In short, I maintain that the mRNA vaccines are highly effective against all past and currently circulating variants of COVID-19. I am also optimistic that this will continue to be the case against future variants. The Delta variant is not a concern for vaccinated individuals and should not cause a change in behaviors on the part of vaccinated individuals.

But what about those who can’t get vaccinated, like kids less than 12?
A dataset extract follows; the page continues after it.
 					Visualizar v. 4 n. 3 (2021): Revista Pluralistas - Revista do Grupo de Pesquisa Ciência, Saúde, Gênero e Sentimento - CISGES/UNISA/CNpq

Parents of kids less than 12 years old feel like they are on an island. Those parents are still struggling with fears of what activities to engage in, when to wear masks, and how soon can their “littles” get vaccinated. Many of these items I spoke about in my most recent post. Here are some straight-forward numbers to try and help:

  • At the present time the U.S. is averaging 16,000 cases per day, and that number includes all age groups, not just children. Those numbers mean that the daily infection rate for the overall U.S. population is only about 0.04%. So, the true risk of infection to children right now is really low.
  • There is a 0.4% risk of hospitalization, a 0.09% risk of MIS-C, and a 0.01% risk of death in children infected with COVID-19. These numbers are large overestimates because the numerator (i.e. the bad things) we have is pretty solid data, but the denominator (all kids with COVID-19) is a large underestimate because testing is less common in kids due to higher rates of asymptomatic or mild infection in kids compared to adults.
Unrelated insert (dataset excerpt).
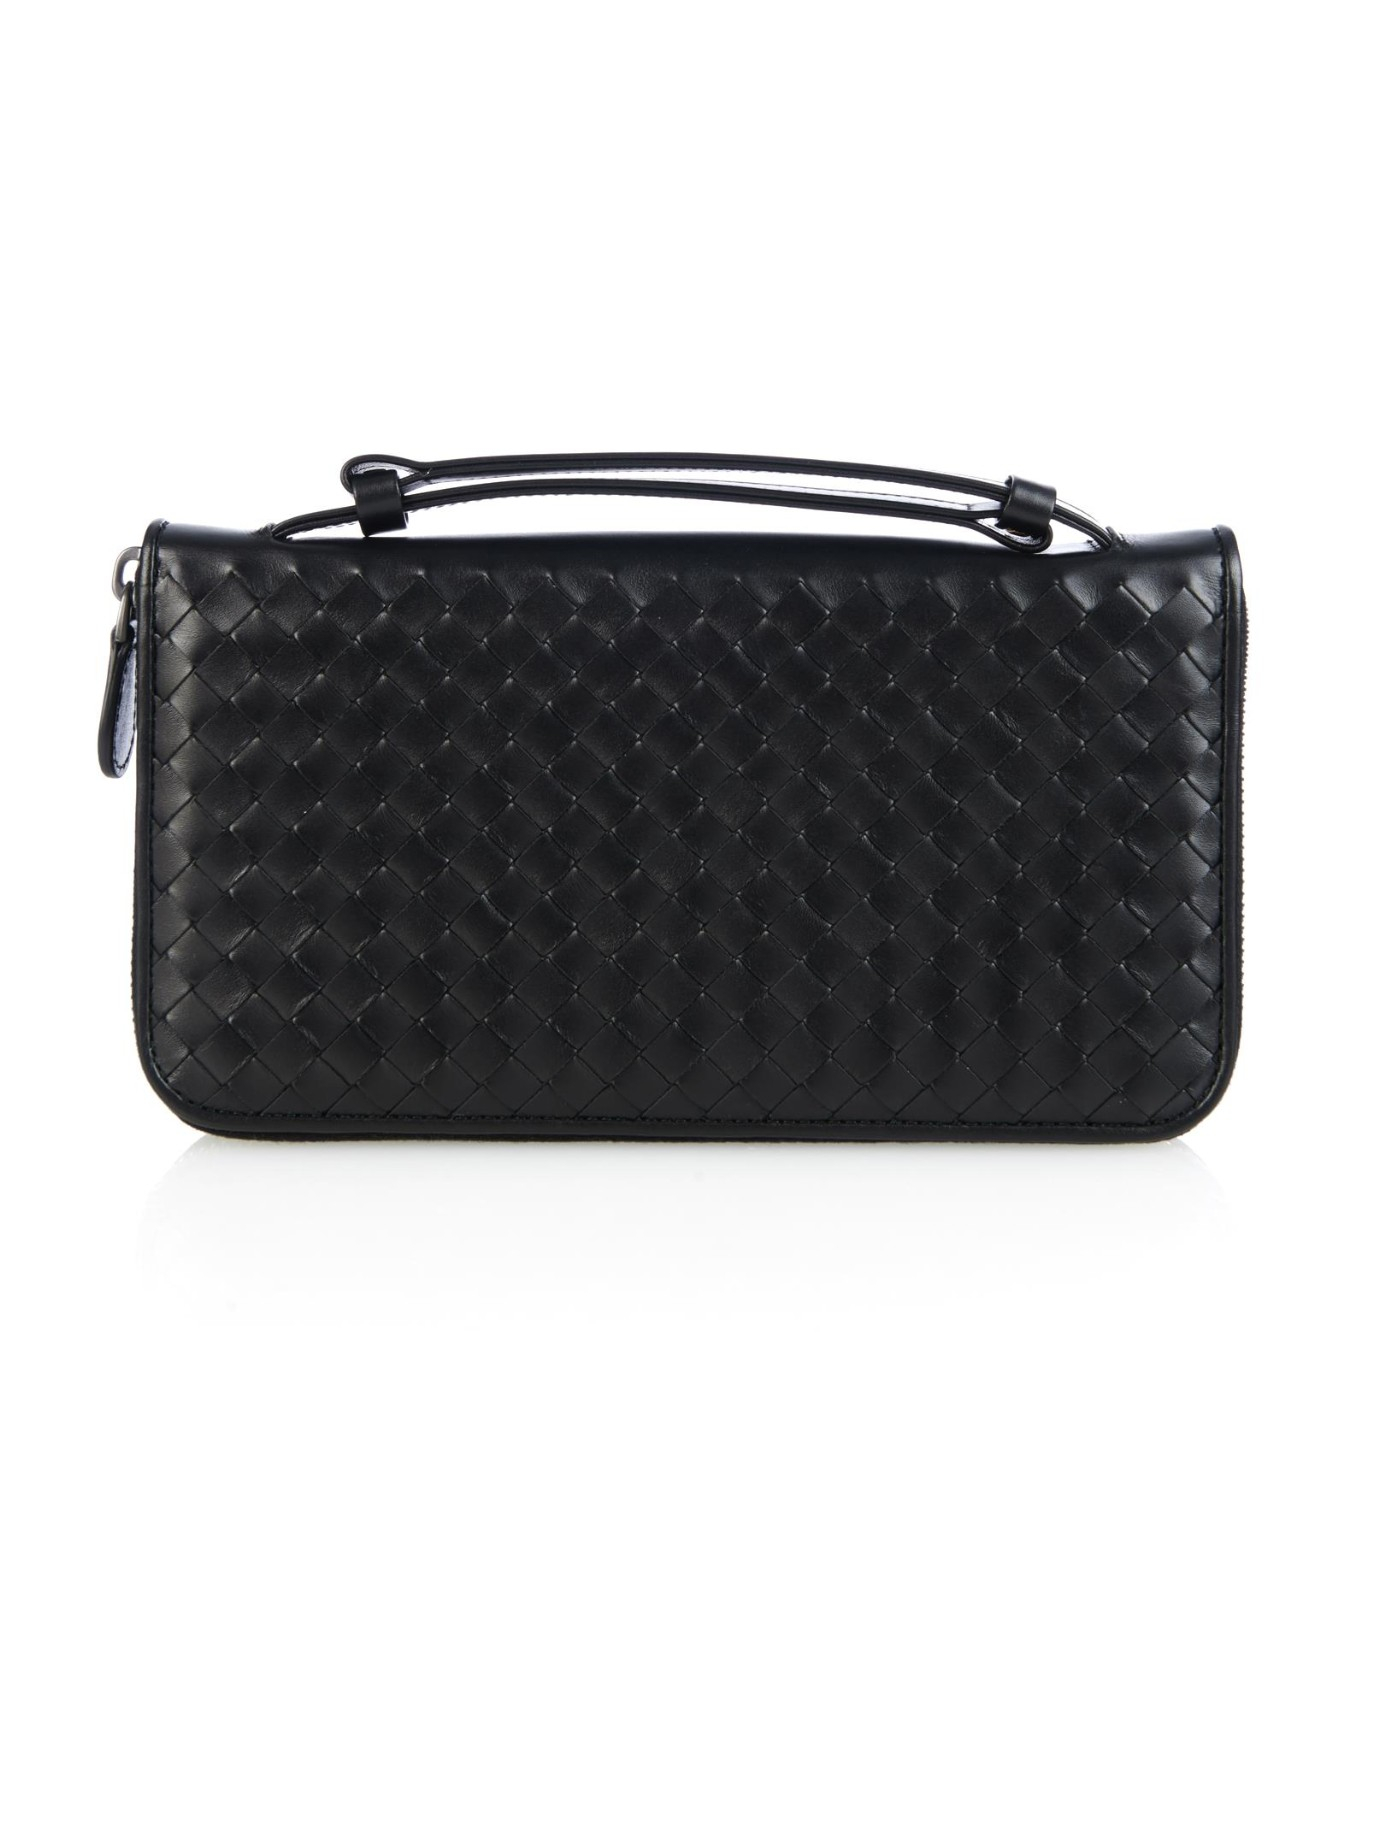 Bottega veneta Intrecciato Leather Travel Wallet in Black for Men | Lyst

Let’s assume that every infection in the first bullet point above is an infection in a kid (absolutely not the case) and that the large overestimates in the second bullet point are accurate. This means that even in the most pessimistic scenario kids only have a:

  • 1 in 5,000 chance of being hospitalized from COVID-19
  • 1 in 25,000 chance of MIS-C from COVID-19 
  • 1 in 250,000 chance of dying from COVID-19

And remember those chances are huge overestimates, and also assume that everyone your children are around is unvaccinated.

But when can my kid get vaccinated?

A loyal reader sent me a link to a news report where the Pfizer CEO anticipated applying for an EUA (Emergency Use Authorization) in September. Typically from the time an application is submitted (as dated by the press release announcing it) there is about four to eight weeks until the vaccine receives an EUA. So figure October/November for when kids ages 2 through 11 can get vaccinated.

There is much more to write about including an update on vaccine safety, duration of immunity and the potential for booster doses. Stay tuned for more.

Stay safe, and go make some lemonade.